Машин не было. Справа уже различался разлом Урюма в скалах с прижимами и с тем зимним застывшим видом реки, подлёдную стремительность которой только подчёркивают предельно недвижные стрелы торосных складок. «До чего же пороги торосит всегда», – думал Женя, в который раз объятый чувством единой Сибири, узнаваемой сквозь тысячи вёрст по обобщающему навеки образу: зима, река в скалах, горы, штриховочка тайги.

Рассвет всё набавлял свою прозрачно-синюю заливку по-над сопками. По их чёрному краю занималось рыжее зарево, и меж сизыми пластинами облаков плыла, перестраиваясь, дымная завязь тучки. И всё прошивали-закрашивали воздух, проявляли знакомыми чертами солнечные лучи. И проходило первозданное утреннее чувство, и Женю самого наполняло мыслями о мире, и было это недовольство окружающим, а главное – самим собой.
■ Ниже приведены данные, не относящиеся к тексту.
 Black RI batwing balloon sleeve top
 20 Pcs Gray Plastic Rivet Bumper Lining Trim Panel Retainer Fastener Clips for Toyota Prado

У себя дома в Енисейске, получив от батюшки послушание помогать на клиросе, он пел в хоре, помогал читать Акафисты и сам читал некоторые молитвы. Это было совсем новое и другое ощущение – своего и уже не своего голоса, гулкого, мужественного, басово кладущего широкую полосу на фоне чистых женских голосов, тянущих нежными стеблями и словно свитых из сухого пламени горящих свечей. В некоторых особо понятных и близких местах он испытывал такое слияние со смыслом выпеваемых слов, с голосами отца Валерия и клироса, с нестройной и трепетной подмогой прихожан, что всеми мурашками хребта ощущал великую соборную силу духовного единения.

Особенно трогало его чтение молитв на церковнославянском, уже казавшимся главным, основным языком по сравнению с варварски выправленным, спрямлённым современным. Необыкновенной красоты графика, буквы, с такой любовью и нежностью восставшие вдруг в сердце и будто там и пребывавшие. Поражало, что четыреста лет назад кто-то так же произносил эти слова, и они звучали с той же несгибаемой неизменностью, и его кровинушка уже тогда существовала, участвовала в жизни – там, в шестидесятиградусных зимах, в многовековом морозном мороке. И как зимним утром в кедровом переплёте, жёлто освещённом свечой, наливался нежной синью слюдяной набор окна, а какие-то полтора века назад – уже обычное стекло с молодыми и острогранными морозными рисунками.

Читая даже незнакомый текст на старославянском, он ловил и угадывал течения и уже предчувствовал смысл – как проходишь на моторе по незнакомым порогам, не зная фарватера, но умея понимать реку. И как по родной дороге, двигался он то в унынии и невнимании, то в благодати, и добирали смысла слова, испытывая, привыкая, подпуская ближе и ближе.

И всё, что не понимала душа, например, какое отношение к окружающему суровому и сизому простору имеют южные места, описываемые в Евангелии, – всё перебарывалось восхищением от того, как русская душа приняла и допроявила учение Христа, и сам Женя, выходя из ворот монастыря вьюжным утром, допроявлял его своим кедром со сломанной вершиной и дивился, как уже и на улице, доверчиво освоясь, длятся в душе напевные икосы Акафиста: «Радуйся, яко безумнии глумителие над тайнами веры тобою посрамляются, радуйся яко посмеятелие чудесных твоих деяний тобою подбающиее вразумление приемлют».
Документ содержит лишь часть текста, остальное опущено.